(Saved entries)
━━━━━━━━━━━━━━━━

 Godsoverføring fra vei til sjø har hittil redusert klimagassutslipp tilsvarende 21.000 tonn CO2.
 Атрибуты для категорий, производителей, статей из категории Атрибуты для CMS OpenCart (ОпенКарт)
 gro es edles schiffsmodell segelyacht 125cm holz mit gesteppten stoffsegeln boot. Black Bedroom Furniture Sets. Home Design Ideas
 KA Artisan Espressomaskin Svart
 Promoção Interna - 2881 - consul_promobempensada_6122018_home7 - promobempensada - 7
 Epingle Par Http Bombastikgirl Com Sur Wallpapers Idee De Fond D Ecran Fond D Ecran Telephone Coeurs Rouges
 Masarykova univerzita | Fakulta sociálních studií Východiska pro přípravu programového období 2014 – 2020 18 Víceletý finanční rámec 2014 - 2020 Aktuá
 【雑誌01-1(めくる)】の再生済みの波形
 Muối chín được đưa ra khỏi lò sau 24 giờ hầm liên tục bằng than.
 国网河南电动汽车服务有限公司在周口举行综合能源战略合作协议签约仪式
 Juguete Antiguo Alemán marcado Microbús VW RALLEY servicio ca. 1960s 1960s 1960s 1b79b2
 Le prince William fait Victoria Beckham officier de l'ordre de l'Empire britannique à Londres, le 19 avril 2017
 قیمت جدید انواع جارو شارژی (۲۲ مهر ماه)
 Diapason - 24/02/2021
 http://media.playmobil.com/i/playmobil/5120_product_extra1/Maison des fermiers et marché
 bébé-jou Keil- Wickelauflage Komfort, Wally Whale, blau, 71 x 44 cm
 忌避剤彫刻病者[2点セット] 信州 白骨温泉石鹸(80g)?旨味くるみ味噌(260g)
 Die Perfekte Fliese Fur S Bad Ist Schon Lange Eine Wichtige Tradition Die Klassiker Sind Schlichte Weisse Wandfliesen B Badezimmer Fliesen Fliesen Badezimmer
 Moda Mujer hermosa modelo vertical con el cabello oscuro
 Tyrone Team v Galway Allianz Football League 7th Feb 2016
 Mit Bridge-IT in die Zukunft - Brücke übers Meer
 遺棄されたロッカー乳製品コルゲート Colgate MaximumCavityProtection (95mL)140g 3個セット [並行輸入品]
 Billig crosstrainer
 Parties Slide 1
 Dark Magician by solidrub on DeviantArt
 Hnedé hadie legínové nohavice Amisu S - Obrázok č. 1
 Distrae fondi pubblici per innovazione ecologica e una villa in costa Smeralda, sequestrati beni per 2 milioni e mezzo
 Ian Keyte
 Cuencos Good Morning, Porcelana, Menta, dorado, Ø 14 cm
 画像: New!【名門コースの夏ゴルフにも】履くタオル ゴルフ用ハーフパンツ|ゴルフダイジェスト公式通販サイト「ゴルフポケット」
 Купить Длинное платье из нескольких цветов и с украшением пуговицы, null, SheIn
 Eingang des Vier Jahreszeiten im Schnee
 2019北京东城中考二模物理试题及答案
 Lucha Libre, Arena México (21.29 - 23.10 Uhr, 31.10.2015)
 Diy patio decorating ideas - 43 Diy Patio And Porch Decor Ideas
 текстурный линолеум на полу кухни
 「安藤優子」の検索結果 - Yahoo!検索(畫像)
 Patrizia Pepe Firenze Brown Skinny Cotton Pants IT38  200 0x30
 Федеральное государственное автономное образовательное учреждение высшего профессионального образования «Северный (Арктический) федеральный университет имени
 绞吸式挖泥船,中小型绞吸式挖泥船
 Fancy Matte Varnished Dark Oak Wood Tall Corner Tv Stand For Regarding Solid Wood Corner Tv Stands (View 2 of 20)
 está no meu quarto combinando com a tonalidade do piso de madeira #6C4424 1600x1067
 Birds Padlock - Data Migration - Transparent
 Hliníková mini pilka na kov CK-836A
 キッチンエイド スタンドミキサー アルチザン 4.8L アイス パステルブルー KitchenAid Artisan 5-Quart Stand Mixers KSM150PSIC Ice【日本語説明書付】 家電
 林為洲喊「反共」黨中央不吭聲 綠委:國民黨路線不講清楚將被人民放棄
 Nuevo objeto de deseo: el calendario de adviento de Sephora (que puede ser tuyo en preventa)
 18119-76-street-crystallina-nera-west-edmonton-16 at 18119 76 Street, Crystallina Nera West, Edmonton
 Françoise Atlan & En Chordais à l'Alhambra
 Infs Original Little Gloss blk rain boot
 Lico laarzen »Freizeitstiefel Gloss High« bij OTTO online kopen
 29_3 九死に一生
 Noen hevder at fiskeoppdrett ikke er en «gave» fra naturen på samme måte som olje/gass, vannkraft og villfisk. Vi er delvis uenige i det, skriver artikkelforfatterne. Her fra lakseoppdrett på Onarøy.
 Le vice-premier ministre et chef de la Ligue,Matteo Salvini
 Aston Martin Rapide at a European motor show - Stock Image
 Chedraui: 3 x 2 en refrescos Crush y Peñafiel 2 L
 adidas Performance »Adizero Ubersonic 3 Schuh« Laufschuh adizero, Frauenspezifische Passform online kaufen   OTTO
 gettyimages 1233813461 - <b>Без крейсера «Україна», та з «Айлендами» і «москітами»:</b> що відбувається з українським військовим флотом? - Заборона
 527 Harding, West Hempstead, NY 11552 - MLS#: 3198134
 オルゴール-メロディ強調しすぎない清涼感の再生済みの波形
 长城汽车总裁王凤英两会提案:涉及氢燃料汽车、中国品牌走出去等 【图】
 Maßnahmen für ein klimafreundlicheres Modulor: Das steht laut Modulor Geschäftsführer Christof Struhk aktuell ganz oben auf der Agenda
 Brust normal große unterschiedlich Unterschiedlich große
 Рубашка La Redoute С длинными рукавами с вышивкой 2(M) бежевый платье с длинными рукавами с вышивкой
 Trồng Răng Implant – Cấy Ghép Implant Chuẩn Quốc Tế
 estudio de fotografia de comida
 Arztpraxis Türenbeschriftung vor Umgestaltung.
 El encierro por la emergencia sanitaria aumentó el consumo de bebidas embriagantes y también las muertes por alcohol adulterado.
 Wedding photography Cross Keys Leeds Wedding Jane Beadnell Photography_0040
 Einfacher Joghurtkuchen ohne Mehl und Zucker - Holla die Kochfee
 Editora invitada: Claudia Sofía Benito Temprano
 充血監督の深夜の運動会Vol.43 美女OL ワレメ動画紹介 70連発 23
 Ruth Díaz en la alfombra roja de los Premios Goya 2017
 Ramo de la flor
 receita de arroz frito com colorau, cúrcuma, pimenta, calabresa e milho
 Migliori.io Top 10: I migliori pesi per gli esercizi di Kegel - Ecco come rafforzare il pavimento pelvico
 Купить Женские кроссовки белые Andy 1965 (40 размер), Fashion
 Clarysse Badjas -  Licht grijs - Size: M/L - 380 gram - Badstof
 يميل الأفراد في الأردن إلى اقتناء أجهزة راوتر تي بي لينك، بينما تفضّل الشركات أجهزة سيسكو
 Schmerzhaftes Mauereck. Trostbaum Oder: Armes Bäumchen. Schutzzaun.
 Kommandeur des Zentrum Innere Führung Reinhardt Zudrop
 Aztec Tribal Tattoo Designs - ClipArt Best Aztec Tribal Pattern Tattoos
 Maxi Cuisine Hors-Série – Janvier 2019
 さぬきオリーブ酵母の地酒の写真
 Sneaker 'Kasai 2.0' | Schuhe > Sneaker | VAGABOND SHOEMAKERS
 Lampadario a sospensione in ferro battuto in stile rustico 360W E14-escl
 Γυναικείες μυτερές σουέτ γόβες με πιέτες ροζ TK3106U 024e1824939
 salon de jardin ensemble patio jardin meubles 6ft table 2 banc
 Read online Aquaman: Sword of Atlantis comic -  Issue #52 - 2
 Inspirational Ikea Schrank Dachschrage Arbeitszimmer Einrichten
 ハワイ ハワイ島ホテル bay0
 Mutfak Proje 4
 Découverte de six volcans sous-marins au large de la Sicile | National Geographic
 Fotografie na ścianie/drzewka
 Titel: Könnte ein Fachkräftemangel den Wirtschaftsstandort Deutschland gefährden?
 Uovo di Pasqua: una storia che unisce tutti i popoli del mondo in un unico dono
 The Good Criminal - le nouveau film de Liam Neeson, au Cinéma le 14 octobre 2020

━━━━━━━━━━━━━━━━

- PROBLEM DESCRIPTION -
Please output exactly the lines between the one holding "Brust normal große" and the one holding "Mutfak Proje 4" in the records above, inclusive, and nothing more.

- ANSWER TO THE PROBLEM -
 Brust normal große unterschiedlich Unterschiedlich große
 Рубашка La Redoute С длинными рукавами с вышивкой 2(M) бежевый платье с длинными рукавами с вышивкой
 Trồng Răng Implant – Cấy Ghép Implant Chuẩn Quốc Tế
 estudio de fotografia de comida
 Arztpraxis Türenbeschriftung vor Umgestaltung.
 El encierro por la emergencia sanitaria aumentó el consumo de bebidas embriagantes y también las muertes por alcohol adulterado.
 Wedding photography Cross Keys Leeds Wedding Jane Beadnell Photography_0040
 Einfacher Joghurtkuchen ohne Mehl und Zucker - Holla die Kochfee
 Editora invitada: Claudia Sofía Benito Temprano
 充血監督の深夜の運動会Vol.43 美女OL ワレメ動画紹介 70連発 23
 Ruth Díaz en la alfombra roja de los Premios Goya 2017
 Ramo de la flor
 receita de arroz frito com colorau, cúrcuma, pimenta, calabresa e milho
 Migliori.io Top 10: I migliori pesi per gli esercizi di Kegel - Ecco come rafforzare il pavimento pelvico
 Купить Женские кроссовки белые Andy 1965 (40 размер), Fashion
 Clarysse Badjas -  Licht grijs - Size: M/L - 380 gram - Badstof
 يميل الأفراد في الأردن إلى اقتناء أجهزة راوتر تي بي لينك، بينما تفضّل الشركات أجهزة سيسكو
 Schmerzhaftes Mauereck. Trostbaum Oder: Armes Bäumchen. Schutzzaun.
 Kommandeur des Zentrum Innere Führung Reinhardt Zudrop
 Aztec Tribal Tattoo Designs - ClipArt Best Aztec Tribal Pattern Tattoos
 Maxi Cuisine Hors-Série – Janvier 2019
 さぬきオリーブ酵母の地酒の写真
 Sneaker 'Kasai 2.0' | Schuhe > Sneaker | VAGABOND SHOEMAKERS
 Lampadario a sospensione in ferro battuto in stile rustico 360W E14-escl
 Γυναικείες μυτερές σουέτ γόβες με πιέτες ροζ TK3106U 024e1824939
 salon de jardin ensemble patio jardin meubles 6ft table 2 banc
 Read online Aquaman: Sword of Atlantis comic -  Issue #52 - 2
 Inspirational Ikea Schrank Dachschrage Arbeitszimmer Einrichten
 ハワイ ハワイ島ホテル bay0
 Mutfak Proje 4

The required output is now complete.